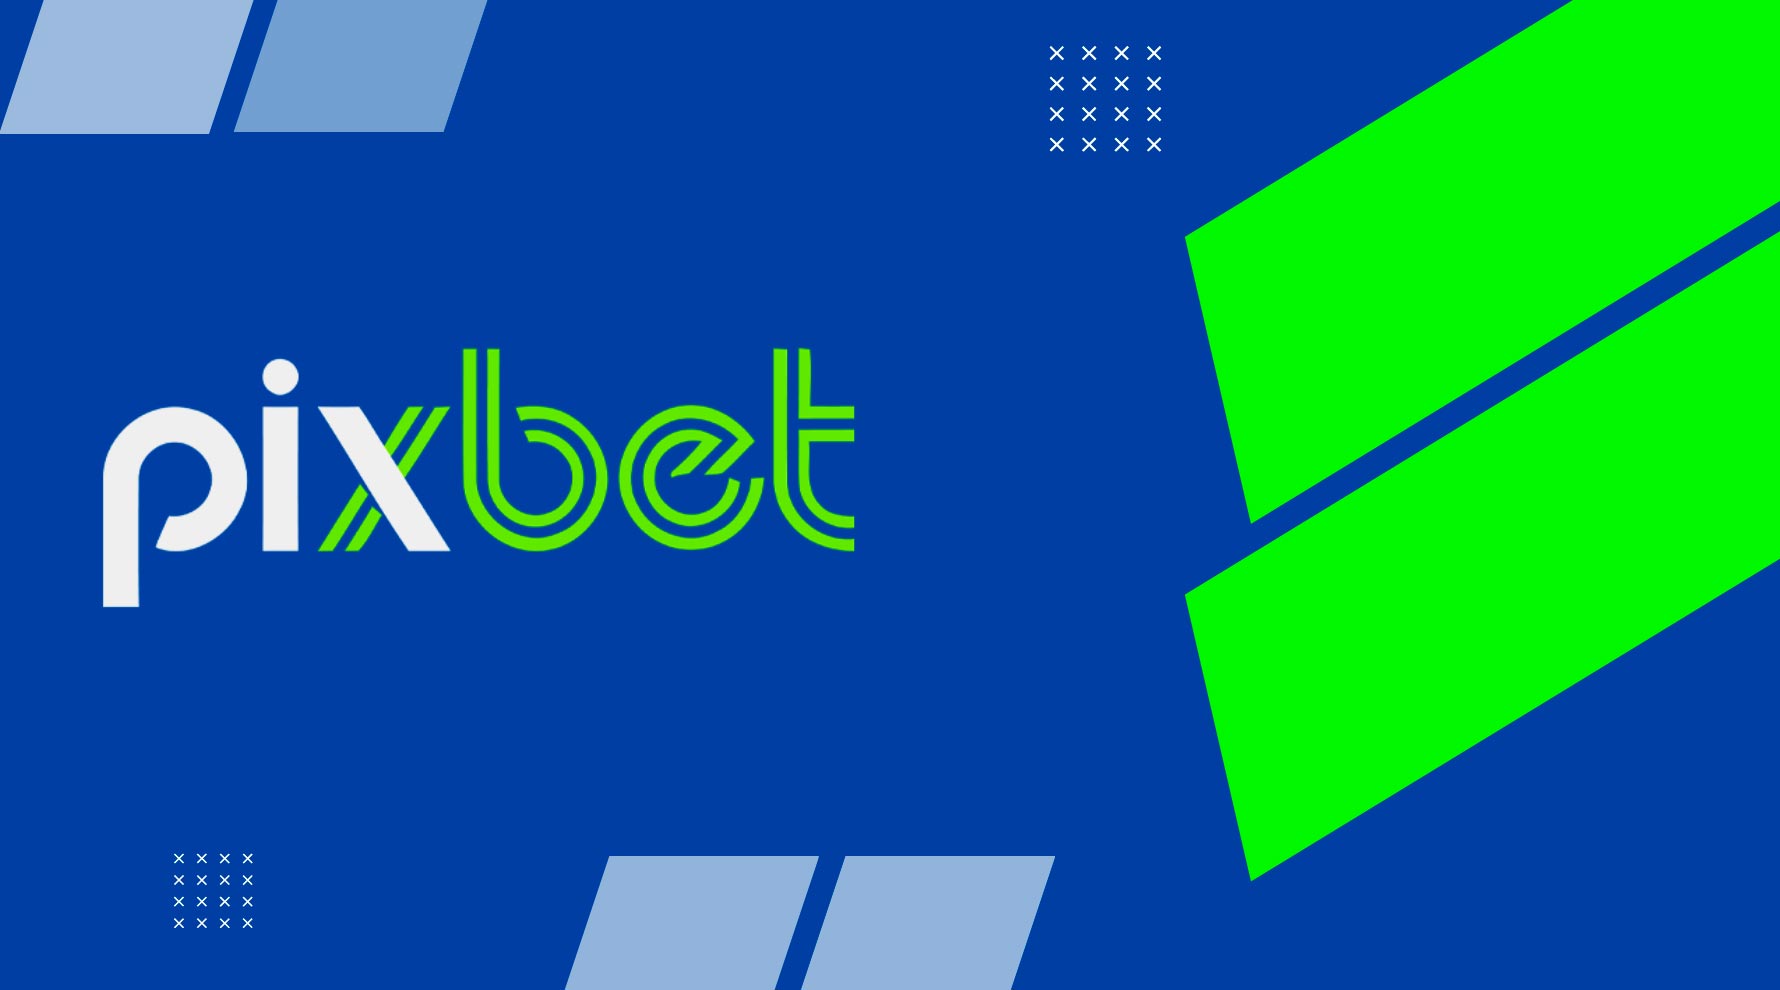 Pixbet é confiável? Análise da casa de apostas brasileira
* * *
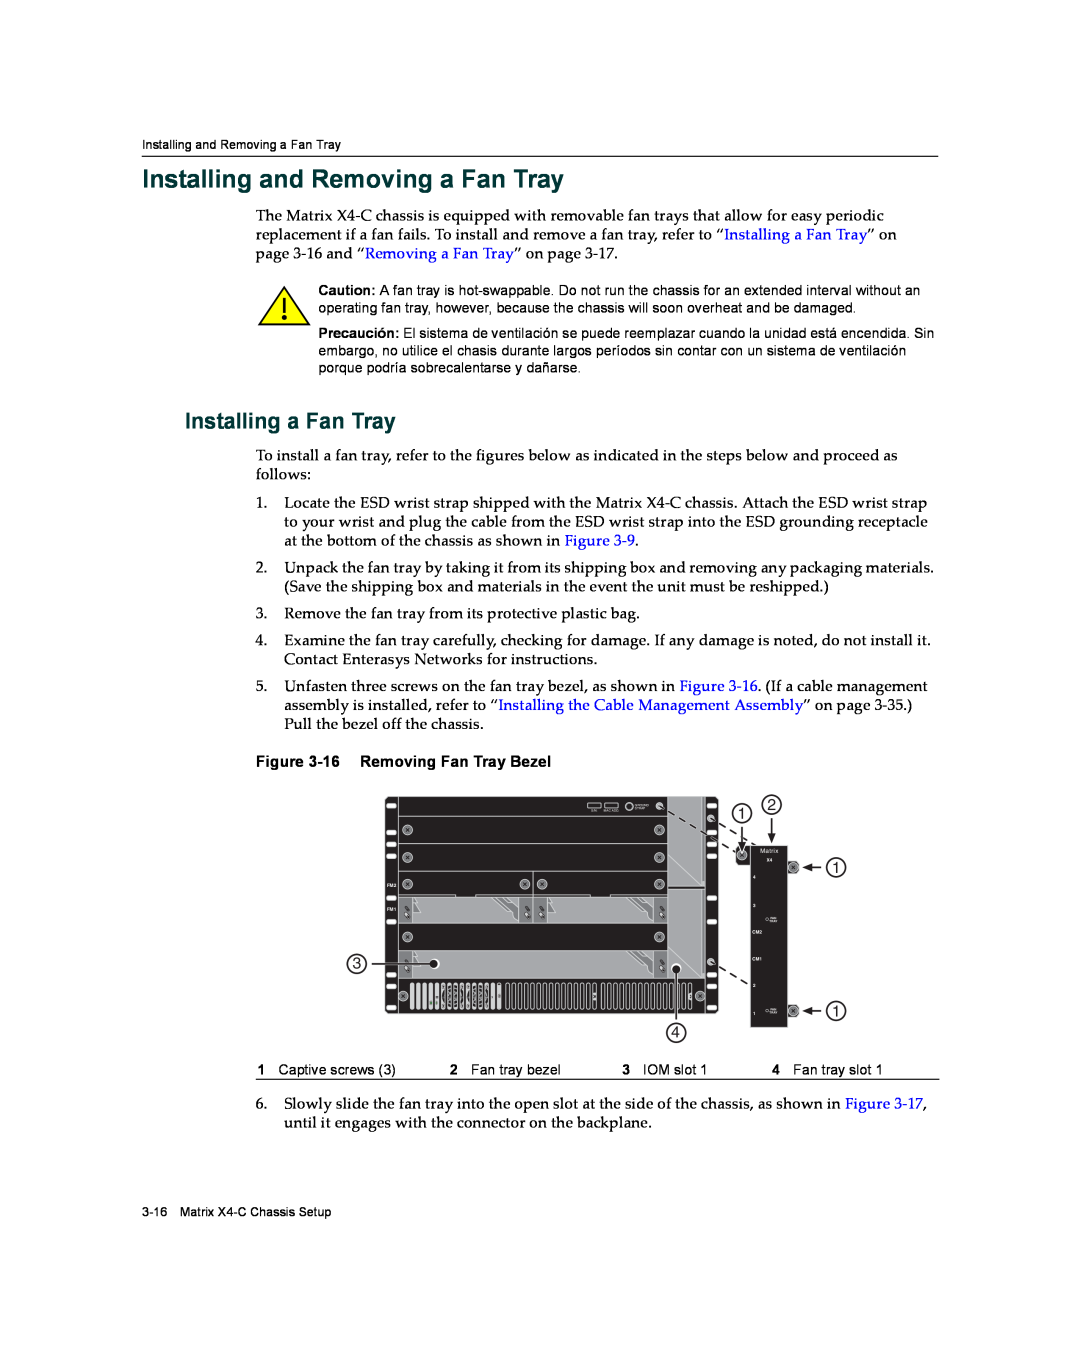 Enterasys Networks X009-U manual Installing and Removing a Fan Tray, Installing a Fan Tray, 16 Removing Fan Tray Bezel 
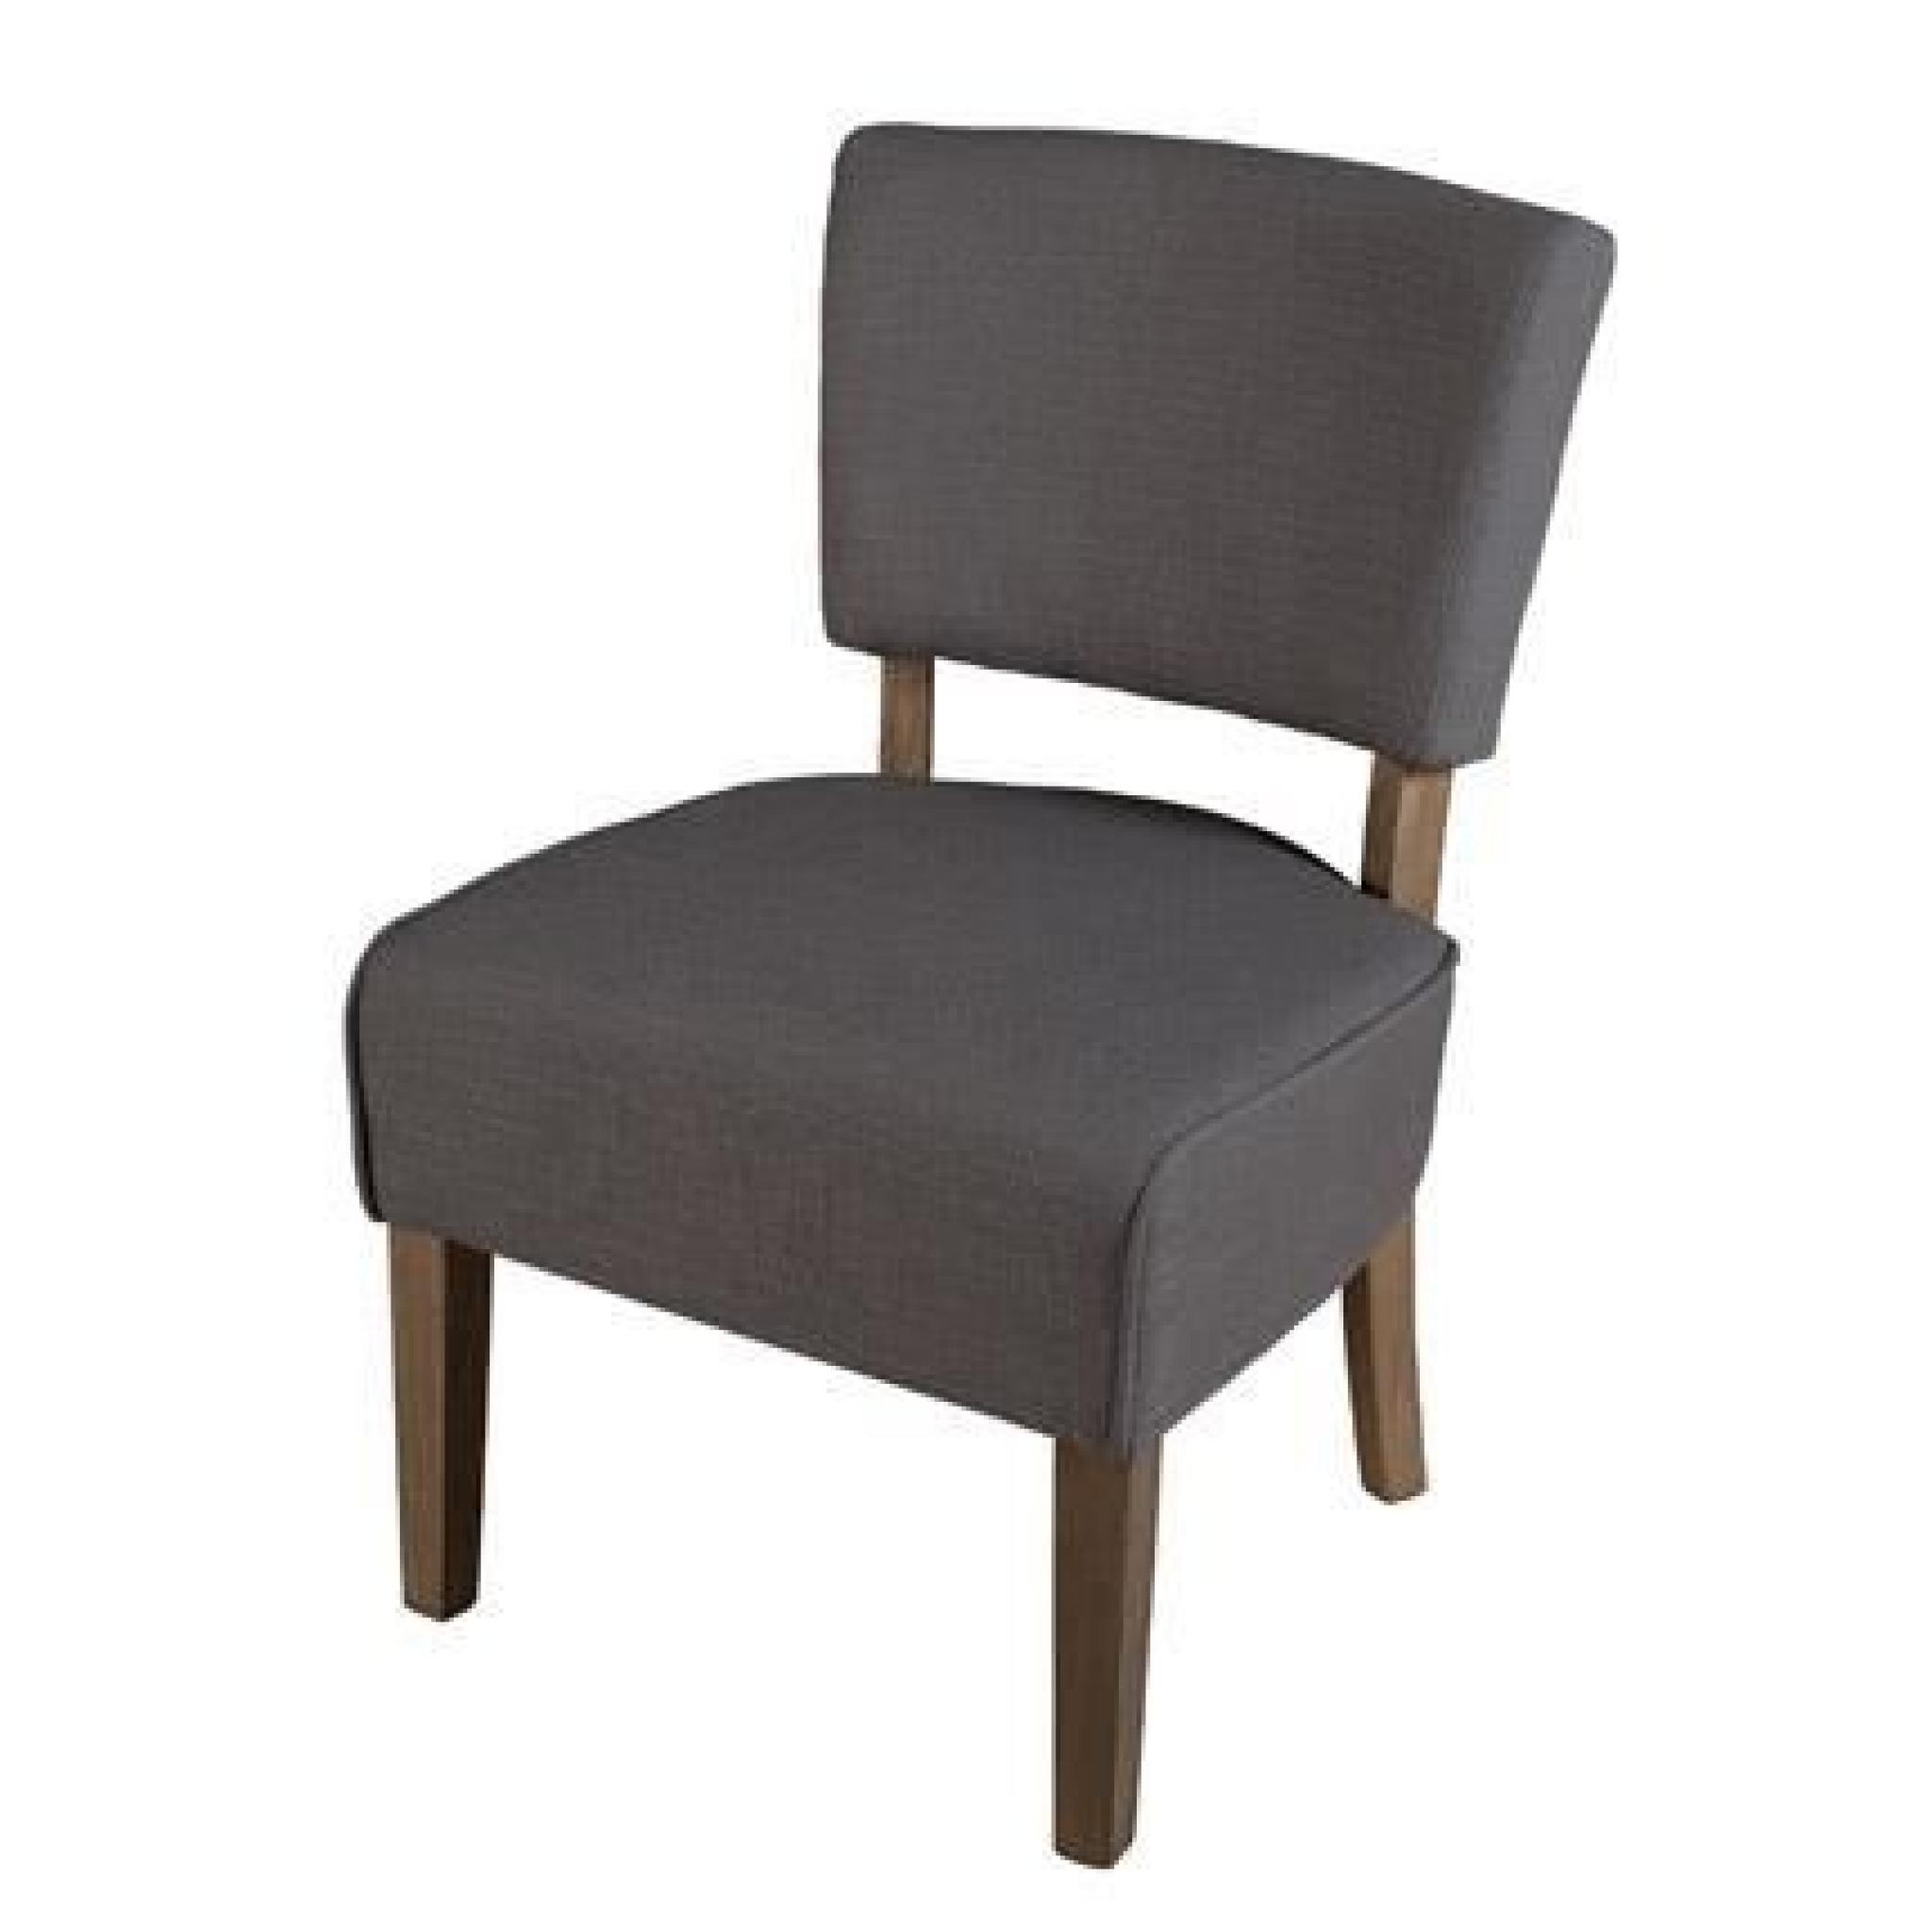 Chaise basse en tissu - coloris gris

** EXERCISE DIRECTIONS **
Look above for the line with "Enterasys Networks X009-U" and copy exactly from it through the line with "Chaise basse en tissu - coloris gris", both included. Omit the pictures.

** RESPONSE AREA **
 Enterasys Networks X009-U manual Installing and Removing a Fan Tray, Installing a Fan Tray, 16 Removing Fan Tray Bezel 
 Chaise basse en tissu - coloris gris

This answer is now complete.